Top 10 of the Funniest Noticed Jokes and Puns

My housemates are convinced our house is haunted

I don't get it. I've lived here for 273 years and not noticed anything strange.

"That's not it."

A general noticed one of his soldiers behaving oddly. The soldier would pick up any piece of paper he found, frown and say, "That's not it" and put it down again. This went on for some time, until the general arranged to have the soldier psychologically tested. The psychologist concluded that the soldier was deranged, and wrote out his discharge from the army. The soldier picked it up, smiled and said, "That's it."

Yesterday I went for a walk with a beautiful girl

When she noticed me, we went for a run

Noticed joke, Yesterday I went for a walk with a beautiful girl

The Silent Fart

An old couple were sitting in Church and the wife noticed that people were staring at her.
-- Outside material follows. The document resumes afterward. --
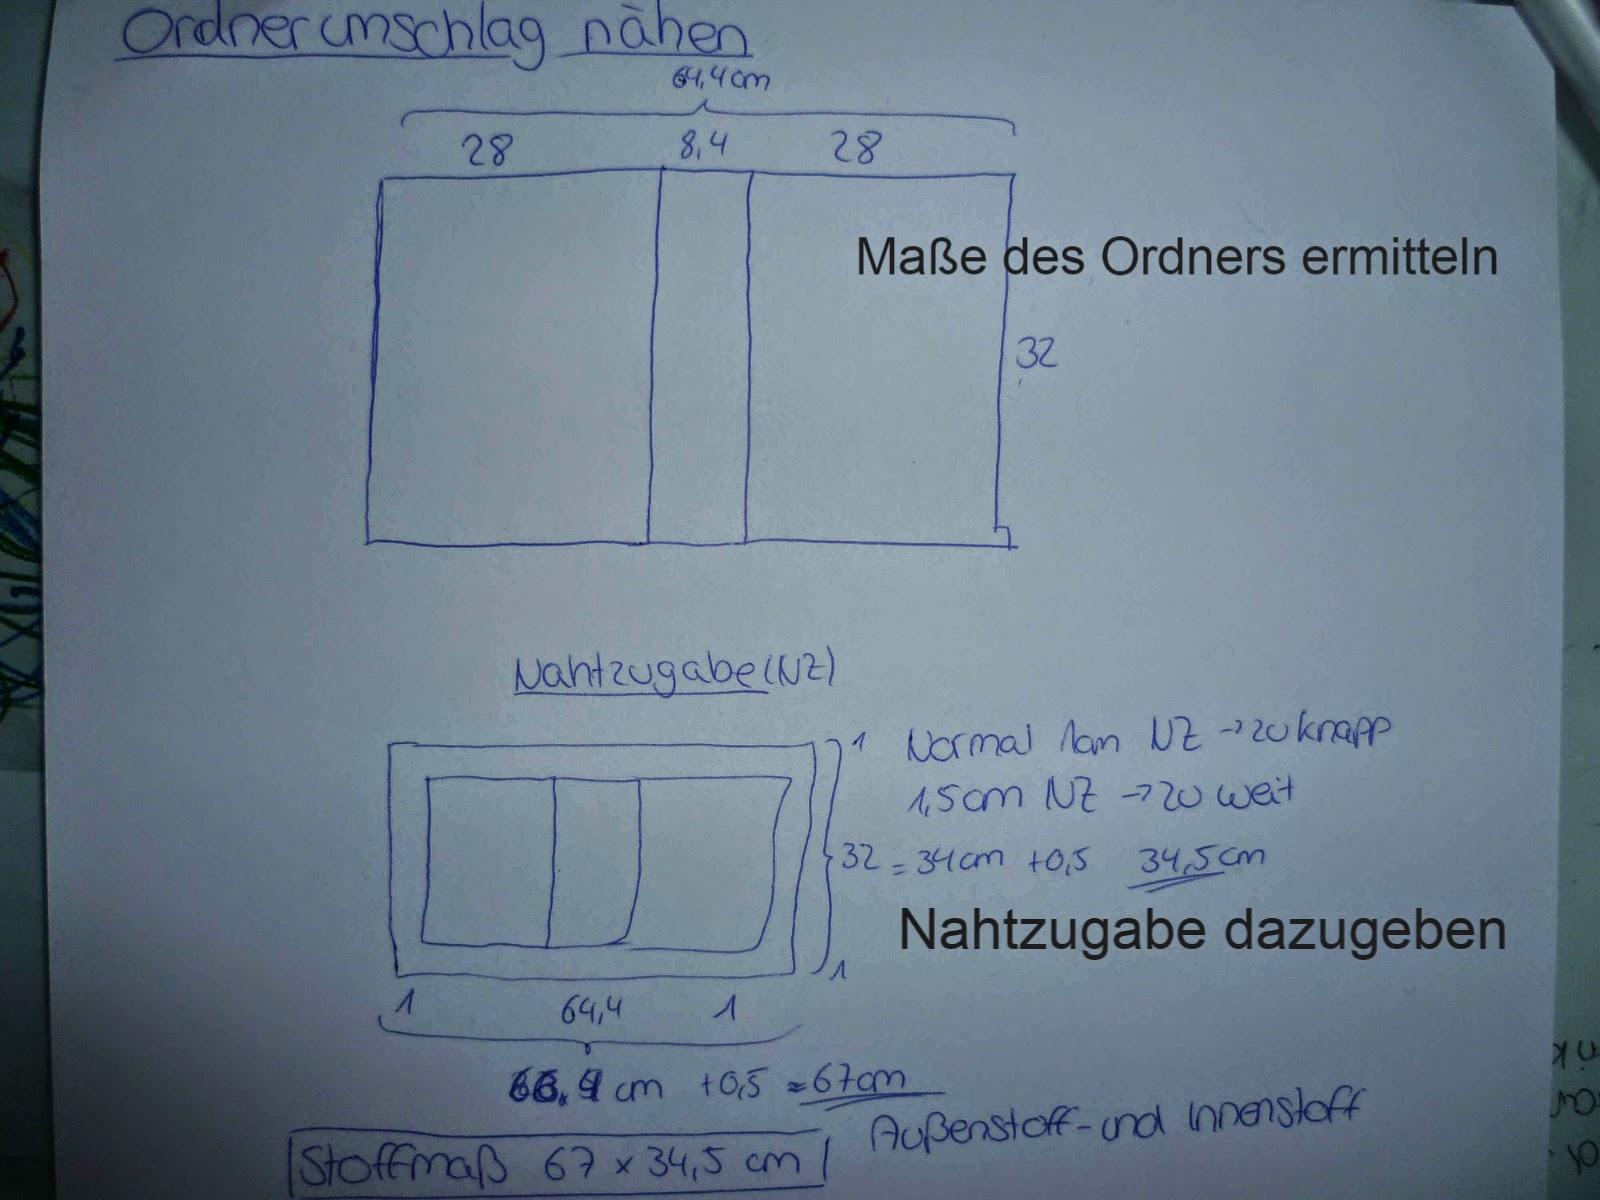 a4 maße in cm

She leaned across to her husband and whispered, "I've just let go a silent fart. What do you think I should do?"

He said, "I think you should get fresh batteries for your hearing aid."

Tom had been a compulsive worrier for years...

...until he found a way to overcome this problem.

His friends noticed the dramatic change.

"You don't seem to be worried about anything anymore."

"I hired a professional worrier for $1000.00 a week, Tom replied.

'I haven't had a single problem since."

"A thousand a week," said Doug. "You can't afford that, how are you going to pay him?"

"Tom replied, "That's his problem."


What did Sean Connery say when he noticed that there wasn't any electricity in the Pennsylvania countryside?

"Shomething'sh Amish..."

A priest, a minister, and a rabbi decided to go skinny dipping...

Suddenly, they saw three women walking towards them. Each was a member of their flocks. The priest and the minister covered their privates with their hands and closed their eyes waiting for the agony to end.
After the women walked away they noticed the rabbi had covered his face and not his nether regions. He said, "My flock recognizes my face. What kinda sermons do you give?"

Noticed joke, A priest, a minister, and a rabbi decided to go skinny dipping...

A die-hard fan was very surprised to see an empty seat at the Superbowl...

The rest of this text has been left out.